Childcare vs. health transfers

While Ottawa is offering tens of billions of dollars in added investments for child care, it ignored premiers’ request for a $28-billion-a-year boost in healthcare transfers.

The question of healthcare funding may give provincial governments cold feet about signing on to a national childcare program, says Bill Robson, CEO of the C.D. Howe Institute. The provinces have been at the forefront of the battle against COVID-19 but were already facing fiscal challenges and ballooning health care costs before the pandemic, he notes.

And Ottawa’s history of shrinking away from sharing the cost of healthcare may make premiers’ leery of taking Freeland up on her national childcare offer, Robson says.

“We have seen this movie before.
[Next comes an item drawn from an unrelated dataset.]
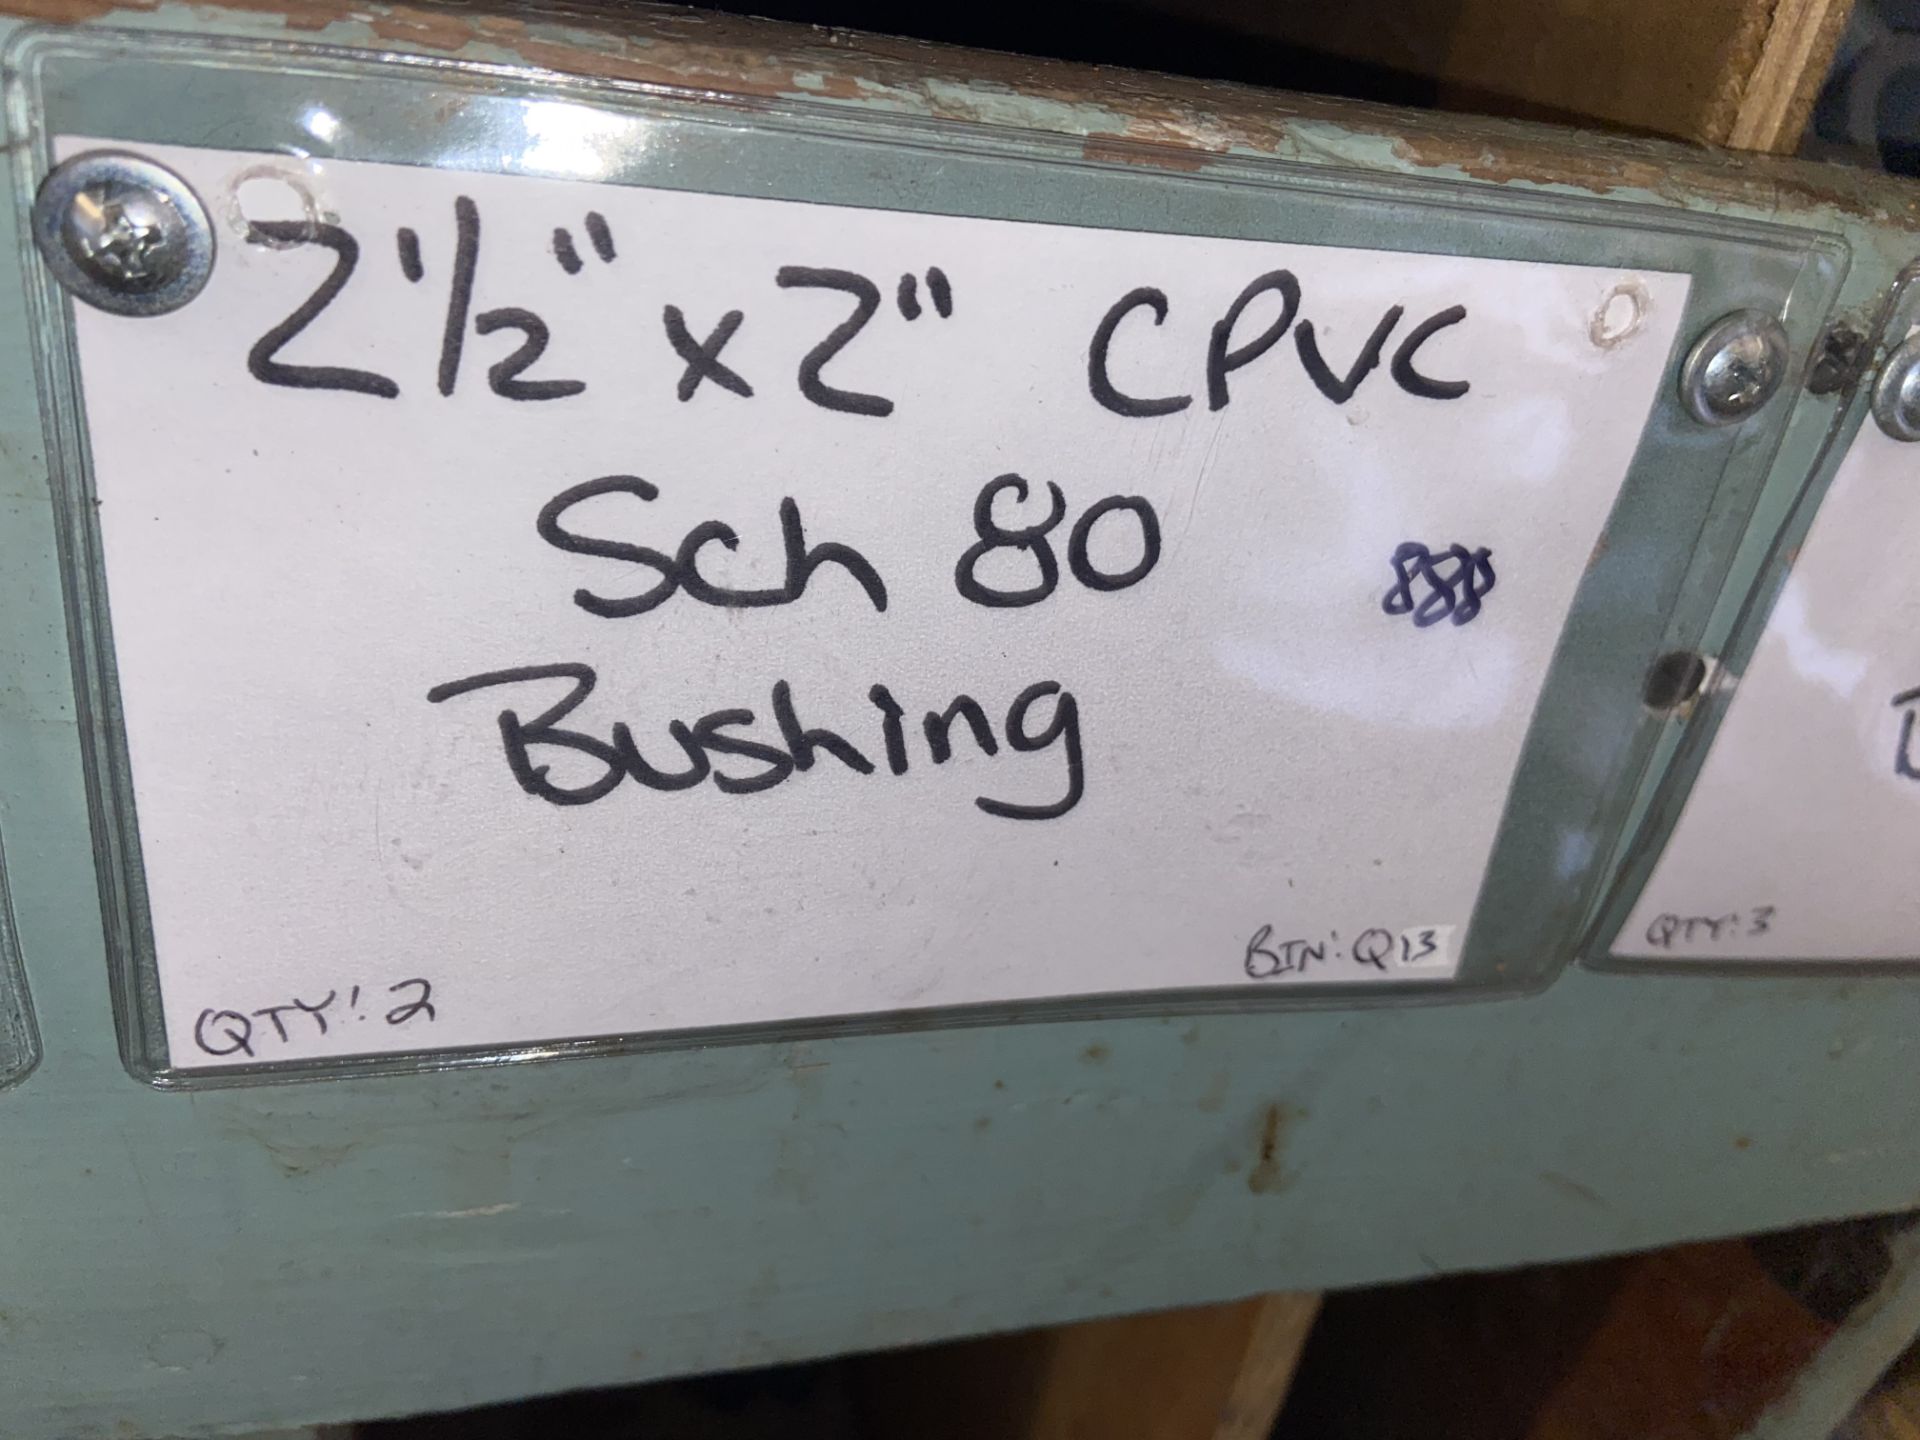 (9) 2 1/2”x 1” Female CPVC SCH 80 Bushing (2) 2 1/2”x 2” CPVC SCH 80 Bushing (BinQ12-Q18) (3) 3x” - Image 4 of 6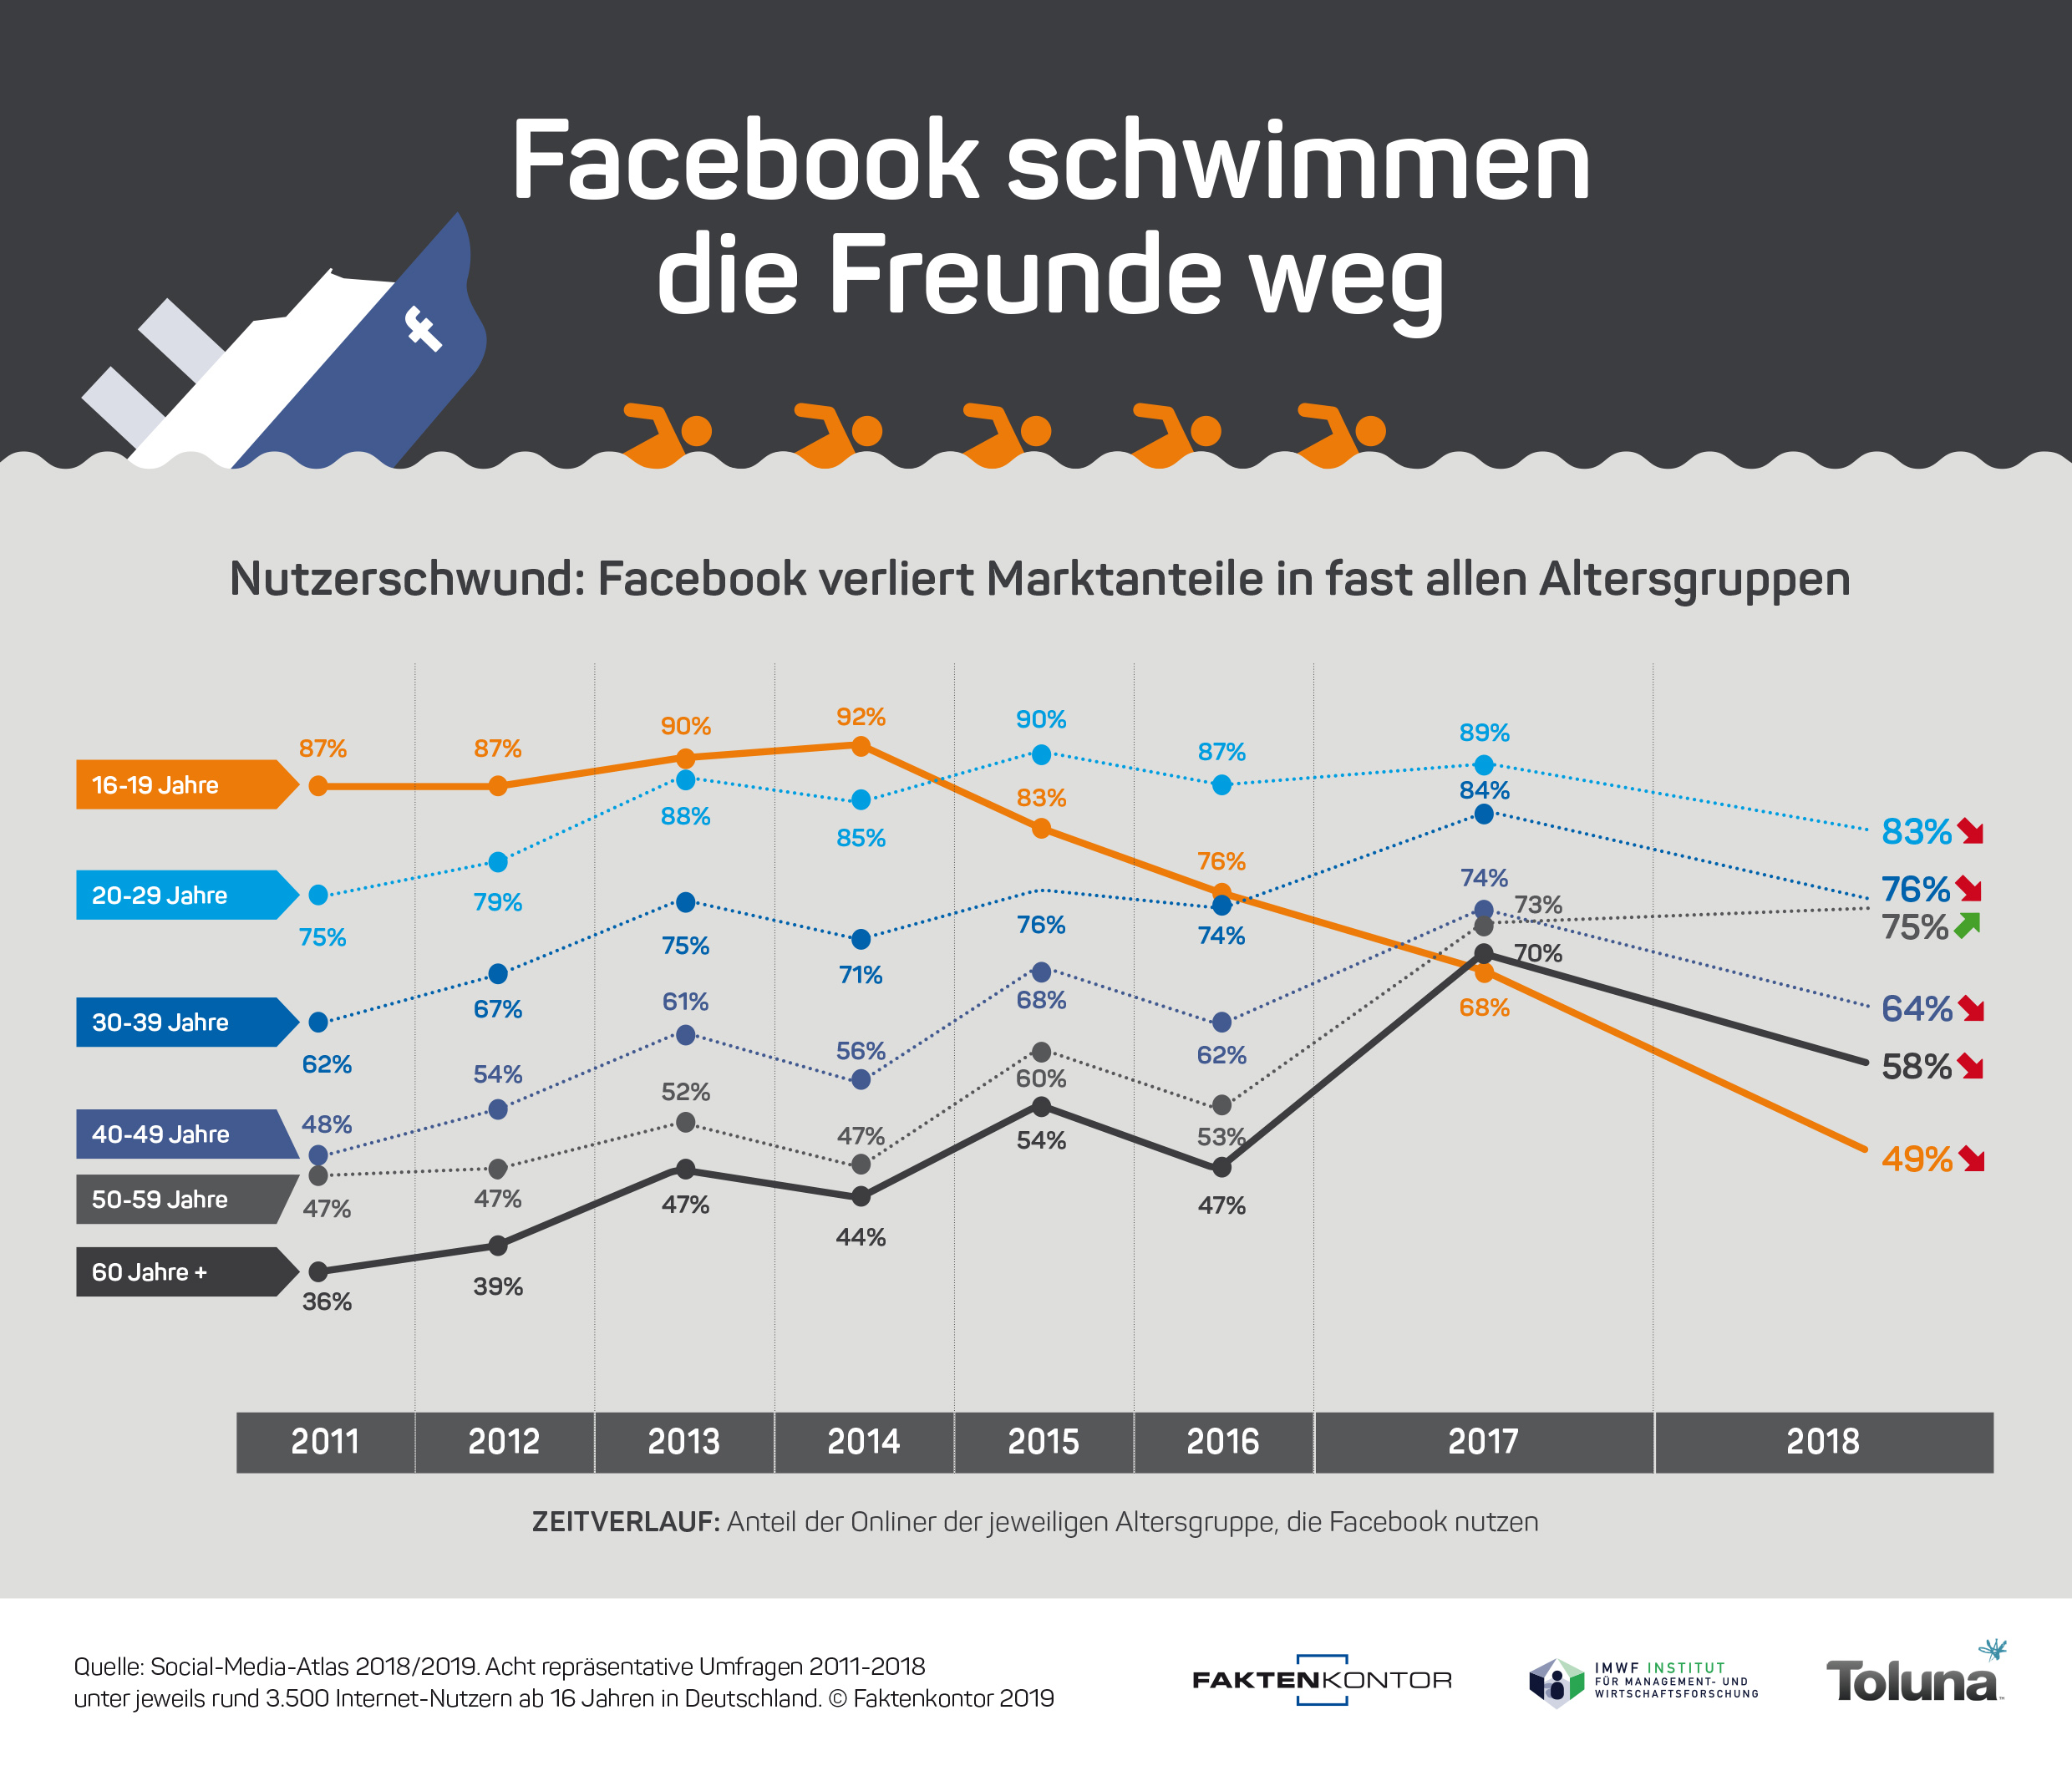 Infografik "Facebook schwimmen die Freunde weg" - Anteil der Facebook-Nutzer nach Altersgruppen von 2011-2018 laut der Faktenkontor-Studie "Social-Media-Atlas 2018-2019"

It happened in the 1970s and the 1980s when the feds got the provinces into new programs in health care, particularly, and welfare. And then in the long run, the federal money cut back and the provinces got left holding the bag,” he says.

But Yalnizyan says the childcare arrangement Ottawa is seeking with the provinces and territories is fundamentally different. While the federal budget mentions federal and provincial governments eventually sharing child care costs on a 50-50 basis, that doesn’t imply provincial and territorial governments having to cough up more cash, she adds.

The provinces already shoulder the lion’s share of public funding for childcare, with the federal government account for just 12 per cent of it on average, according to Yalnizyan. Getting to a 50-50 cost split simply means Ottawa would have to significantly ramp up its share of the financial support, she adds.

A childcare Plan B

How quickly families across Canada will see a difference in childcare costs will likely depend on where they live and how willing to negotiate their provincial and territorial governments are, Yalnizyan says.

And that’s why Ottawa should have a Plan B for childcare in its back pocket to help parents during the recovery if the negotiations take too long, she adds.

“We can’t be starting another school year and telling mothers again (they’re in for) another year of this … because we just weren’t ready because we were hoping to negotiate with the provinces,” she says.

Working mothers contribute 40 per cent of household incomes on average, according to Yalnizyan.

Over the past year, 12 times as many mothers as fathers have left their jobs to care for young children in the pandemic, with lower-earning moms disproportionately affected by job losses, according to a recent RBC analysis.

If many of those female parents can’t go back to work due to lack of childcare options, “you’ve got … a drag on (the) rebound,” Yalnizyan says. “You’ve got a drag on growth.”